◆ Information supplied:
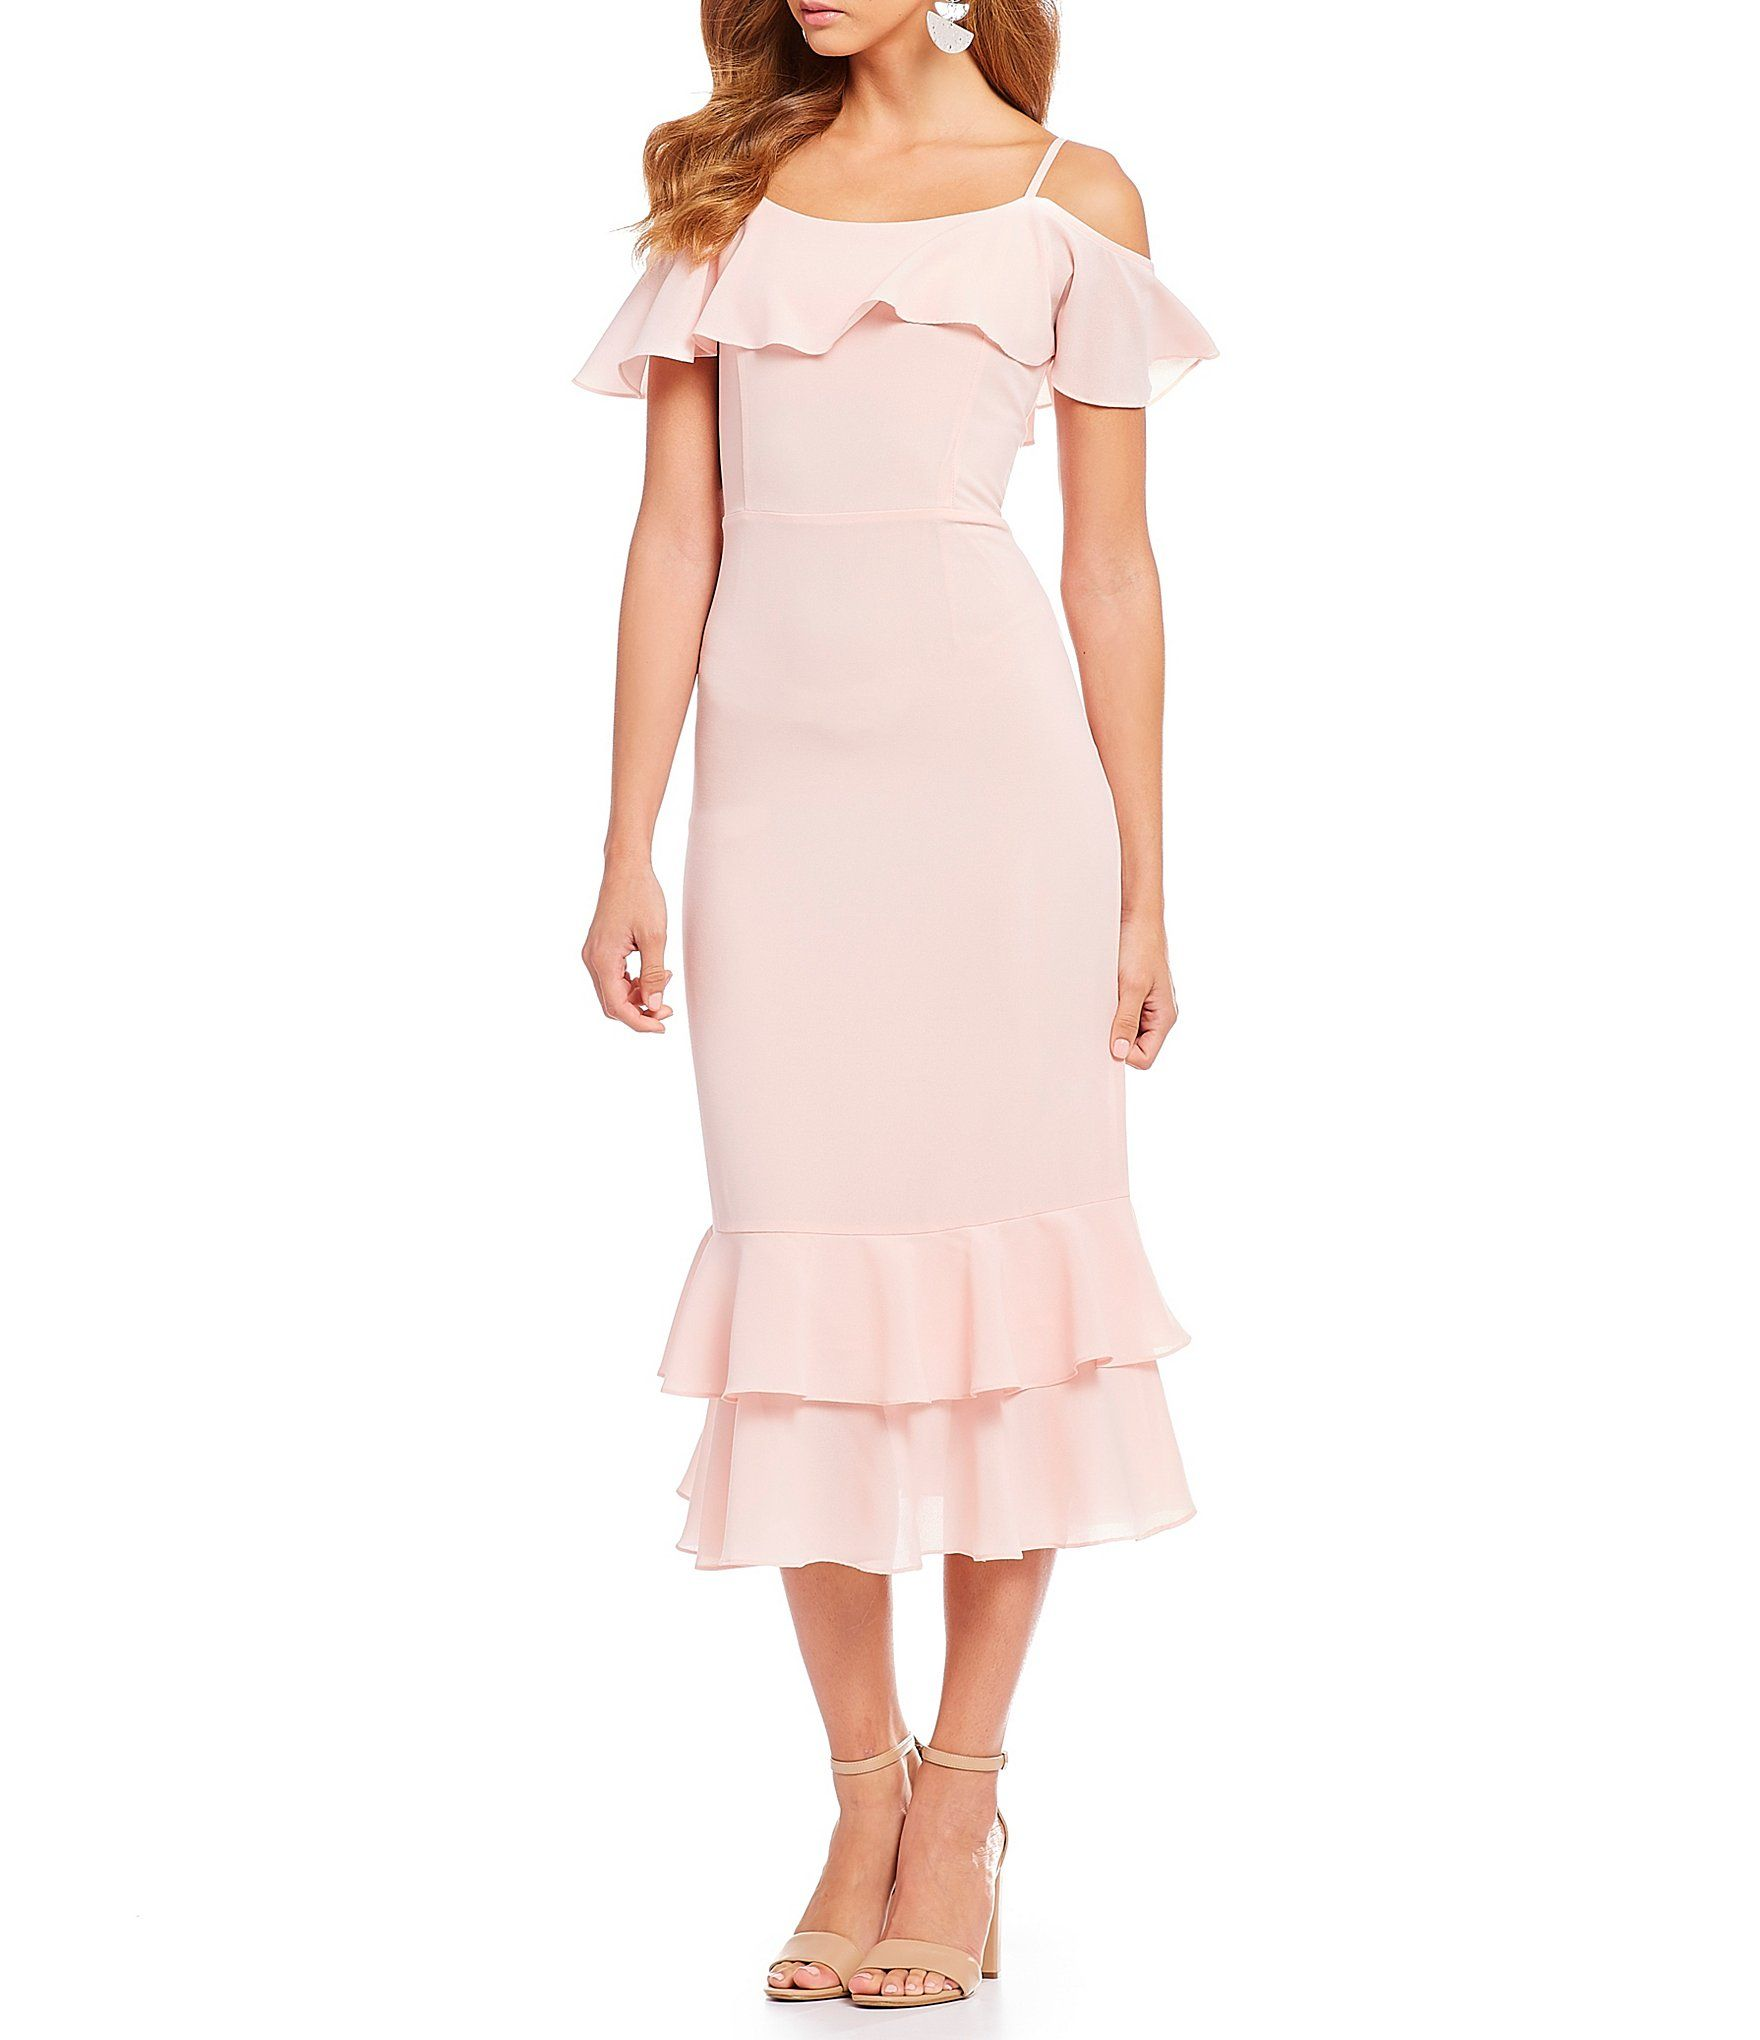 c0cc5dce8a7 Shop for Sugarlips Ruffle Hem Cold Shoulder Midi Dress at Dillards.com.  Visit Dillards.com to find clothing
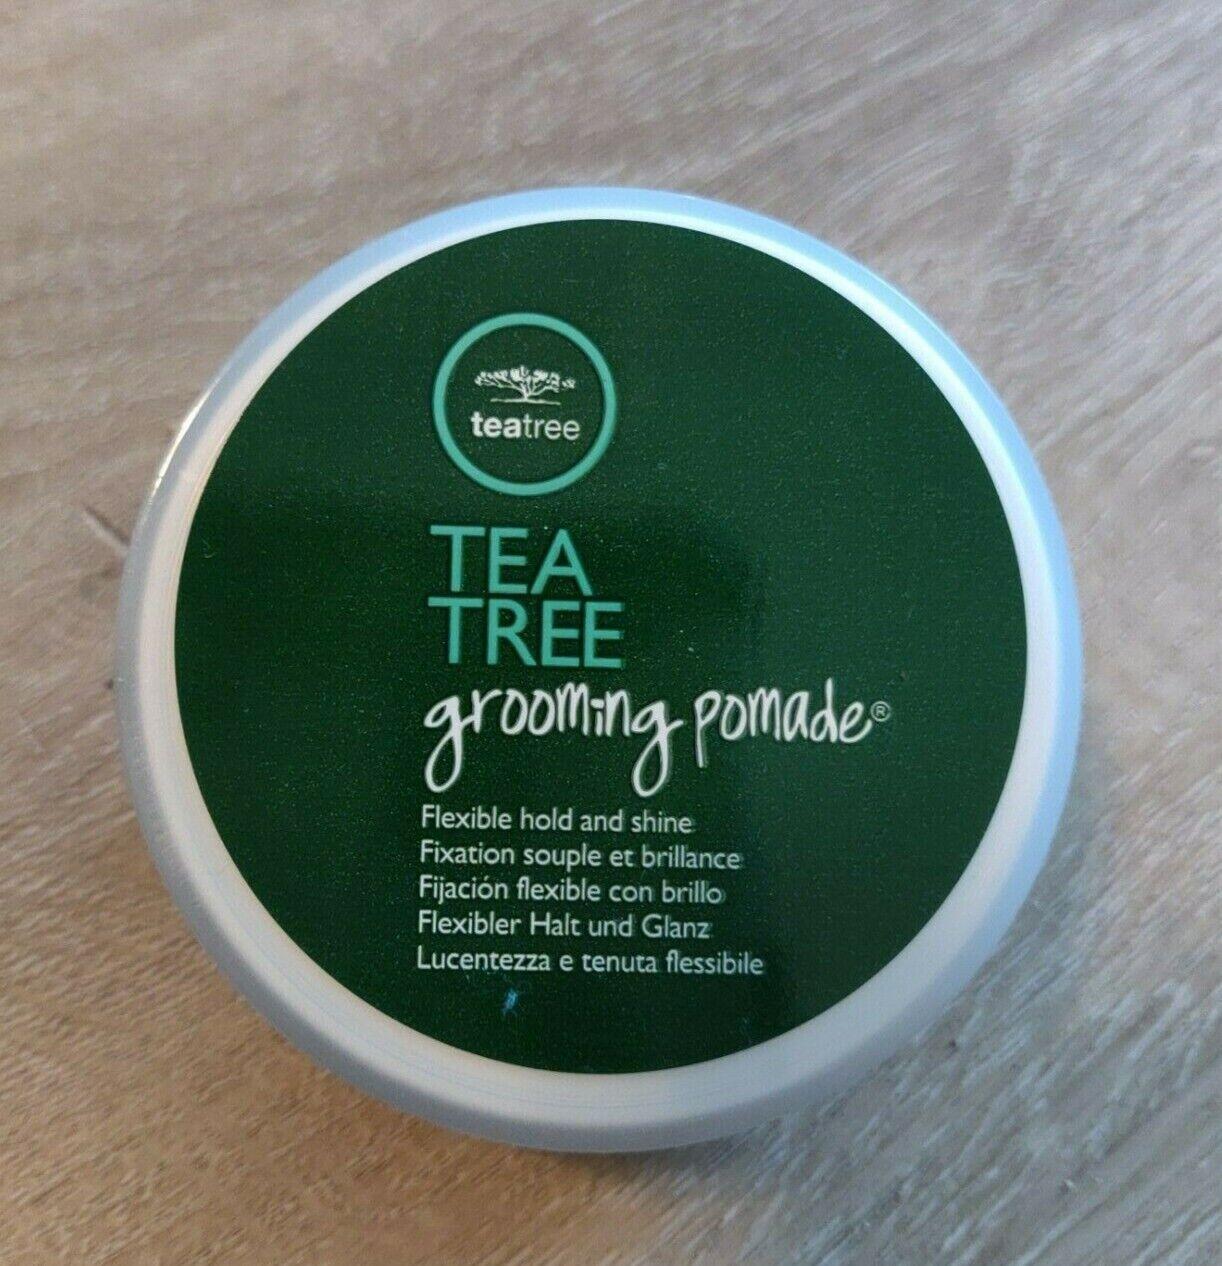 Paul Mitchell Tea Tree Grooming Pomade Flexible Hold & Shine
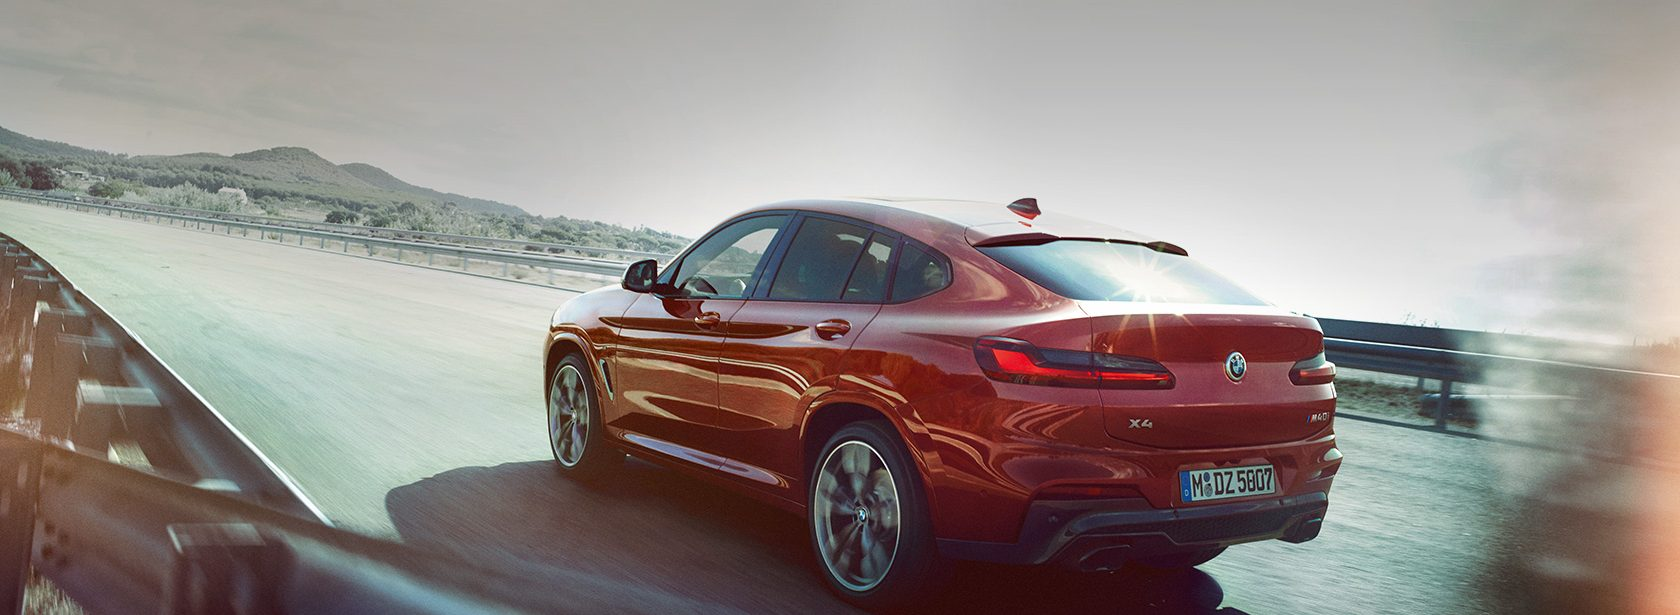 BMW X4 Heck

◆ What to produce:
Please retype the listing above word for word, skipping each picture.

◆ Reply to the exercise:
 c0cc5dce8a7 Shop for Sugarlips Ruffle Hem Cold Shoulder Midi Dress at Dillards.com.  Visit Dillards.com to find clothing
 Paul Mitchell Tea Tree Grooming Pomade Flexible Hold & Shine
 BMW X4 Heck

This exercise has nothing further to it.